Although little information is available in vivo, emerging data are beginning to unveil potential implications to the human condition. In this regard, a retrospective analysis of a cohort of 87 678 individuals identified through the Veterans Integrated Services Network 16 data warehouse revealed a 33% reduction in lung cancer risk among TZD users compared with nonusers after adjusting for confounder variables. Interestingly, a similar risk reduction was not observed for colorectal and prostate cancers [109].

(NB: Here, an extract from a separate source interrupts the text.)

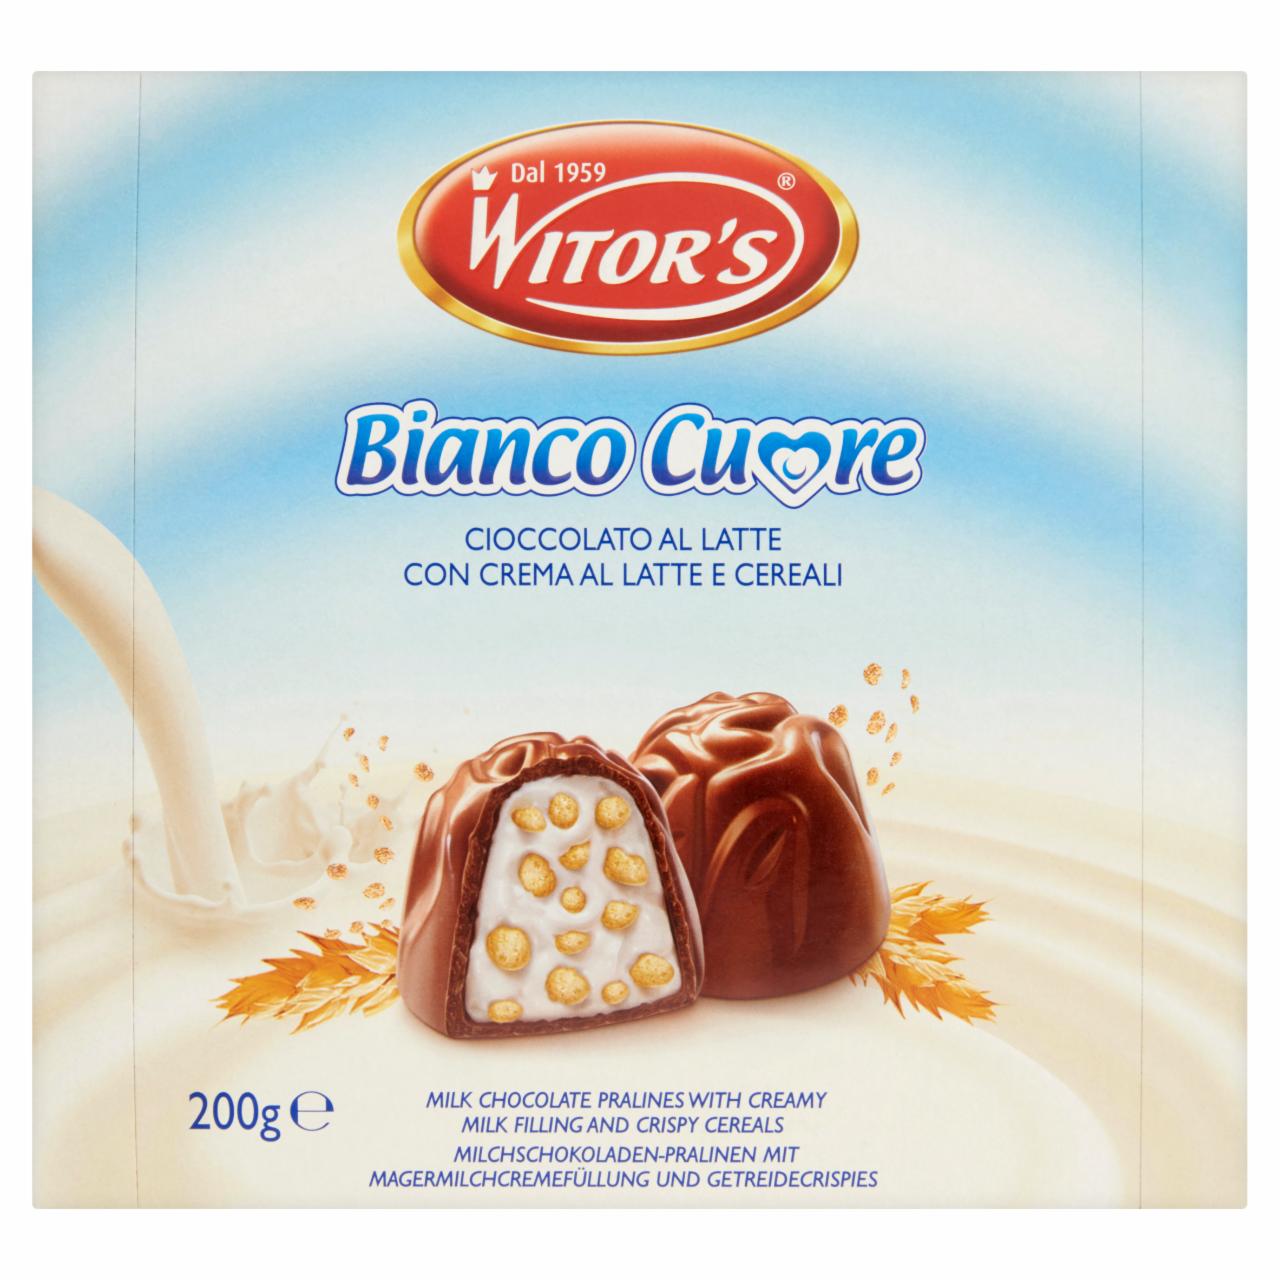 Képek - Witor's Bianco Cuore tejcsokoládés praliné tejkrémes töltettel és gabonapelyhekkel 200 g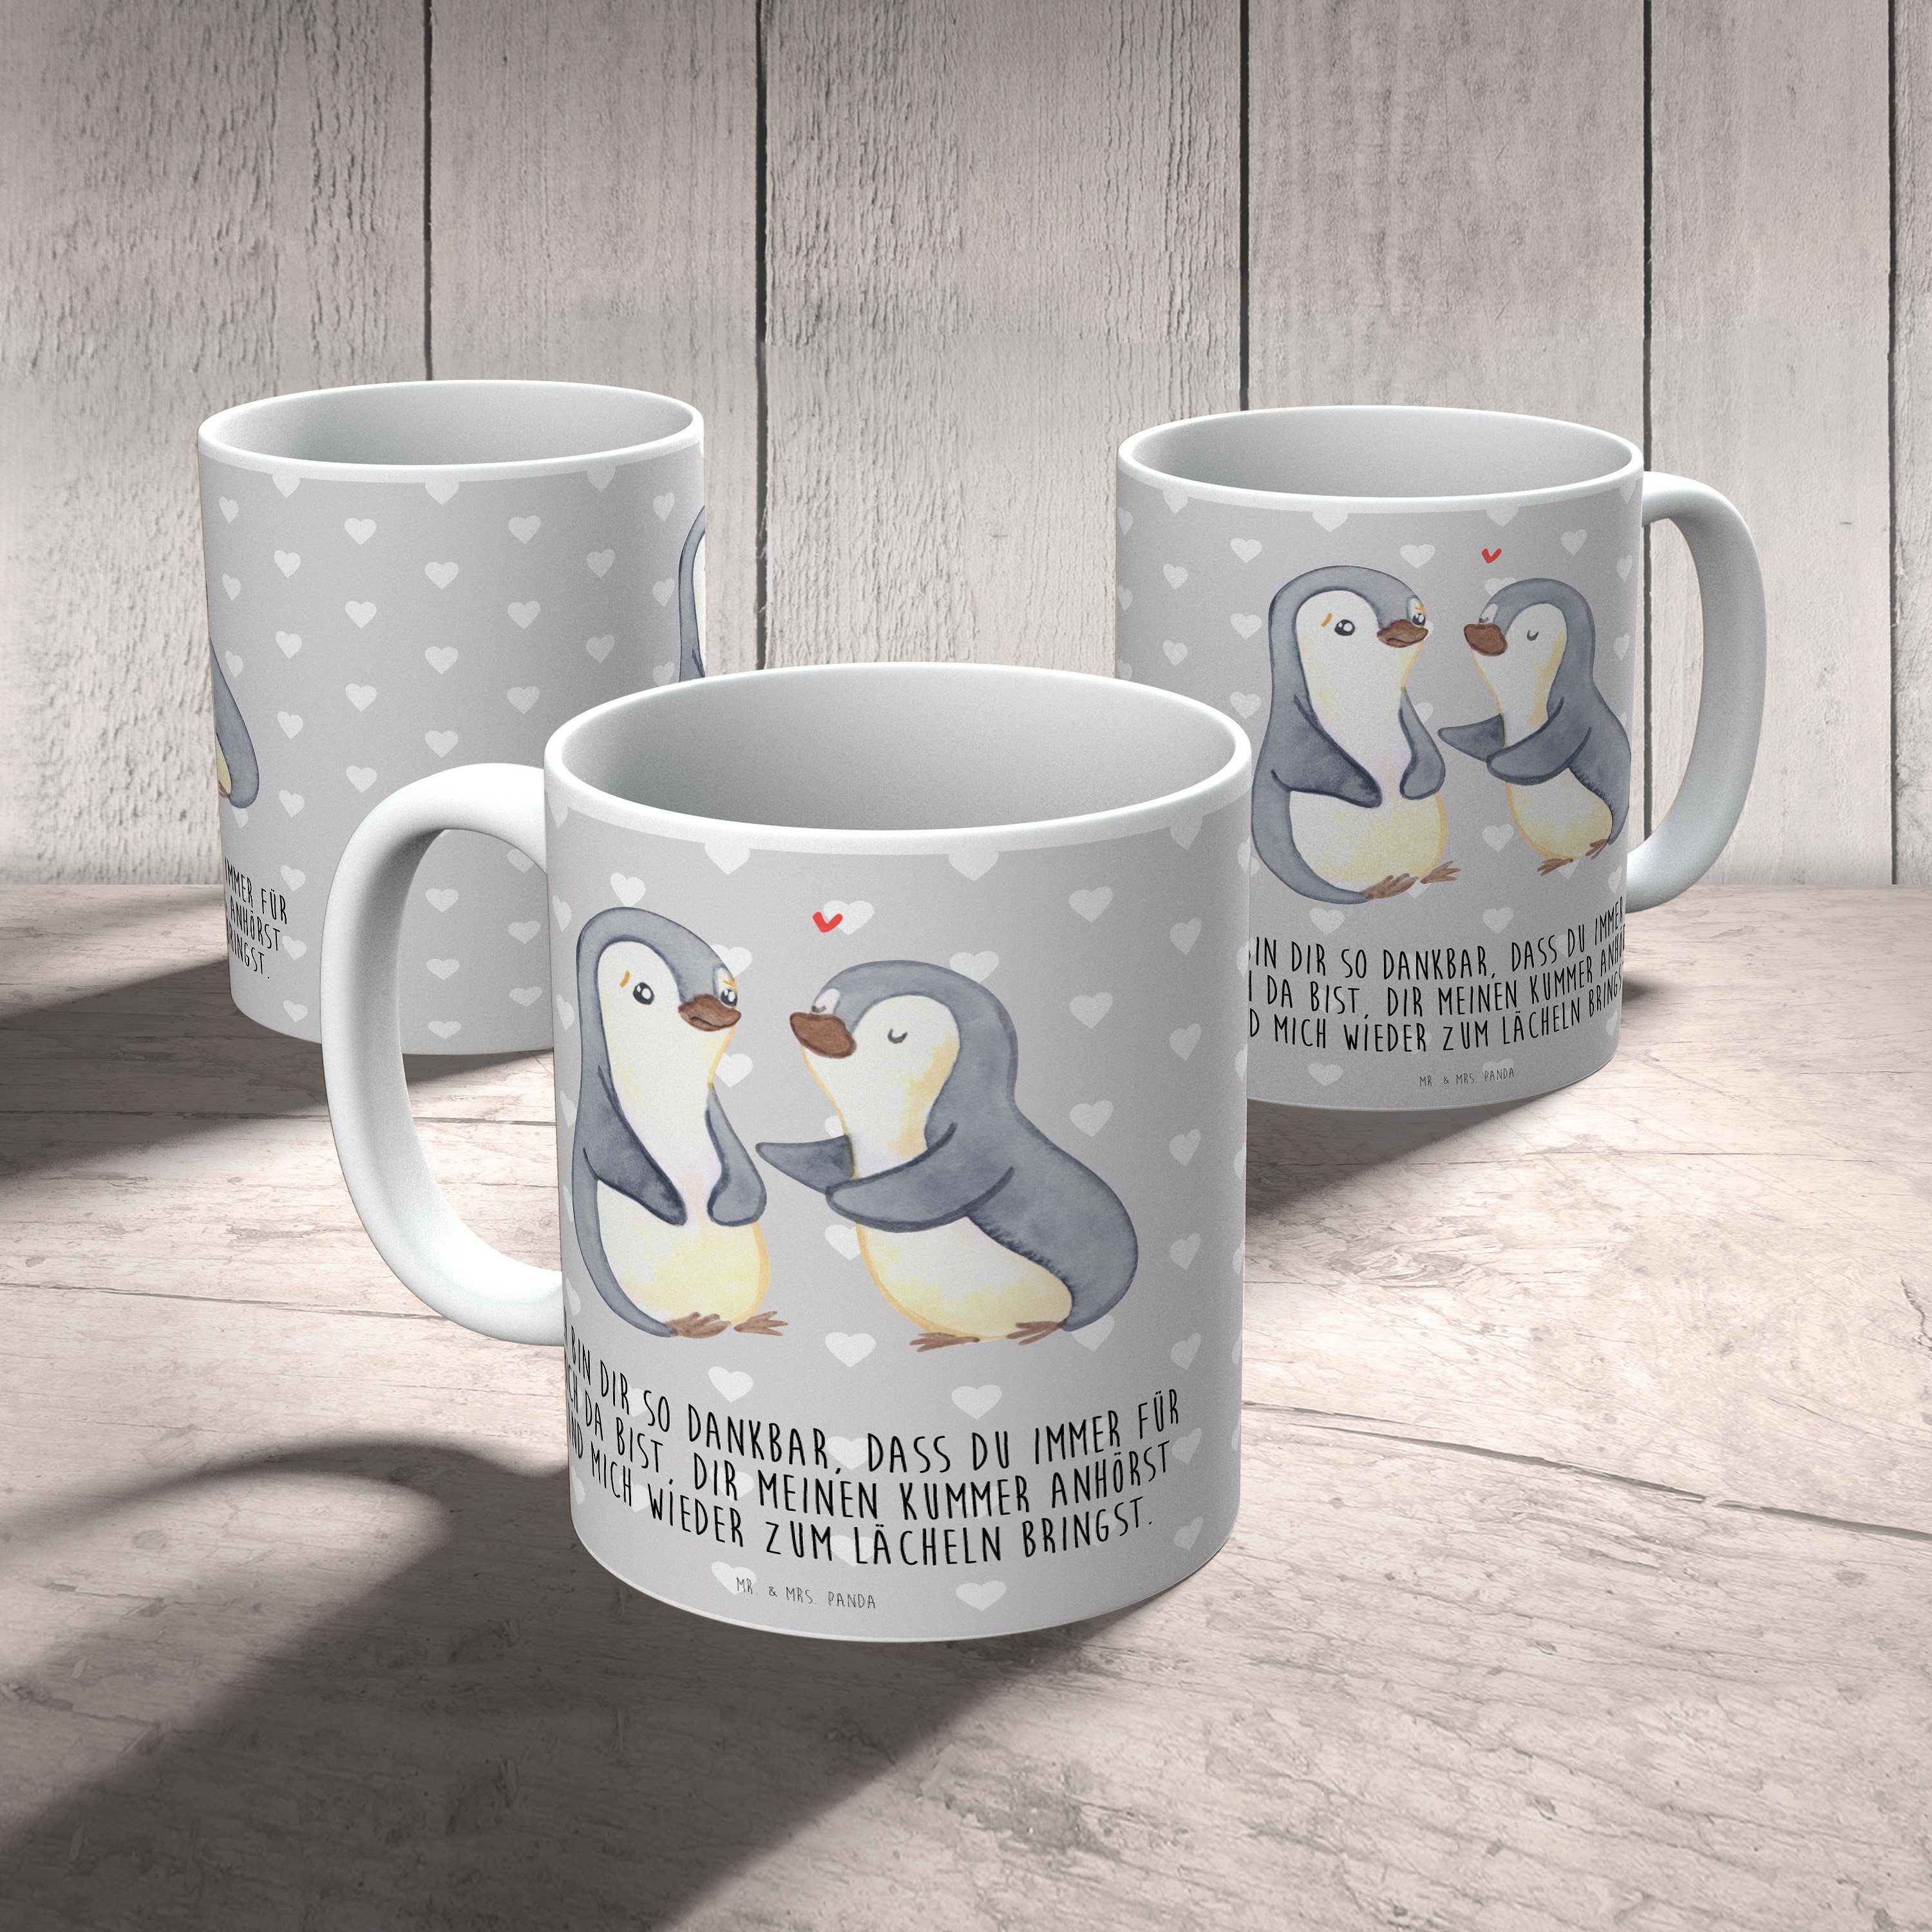 Mr. & Mrs. Grau Keramik Li, - - Pastell Tasse Panda Geschenk, Tasse, Liebesgeschenk, trösten Pinguine

Despite the above, enthusiasm for this approach should be tempered by work showing that the PPAR-γ ligands rosiglitazone, ciglitazone, and PGJ2 were found to stimulate PPAR-γ transactivation in lung adenocarcinoma cell lines in vitro, but little to no effects were noted in squamous cell or large cell carcinomas suggesting that their anticancer properties might not be shared by all lung tumors, or that important PPAR-γ-independent pathways are at play [108, 110]. Thus, a better understanding of the mechanisms of action of activated PPARs in tumors (and host cells) is required since the dissection of these pathways might unveil better targets for therapy. Nevertheless, the data available to date regarding PPAR-γ is promising and justify engaging in prospective, randomized, clinical studies to determine the true role of PPAR-γ ligands in lung cancer, while further work is performed to identify more selective and effective strategies.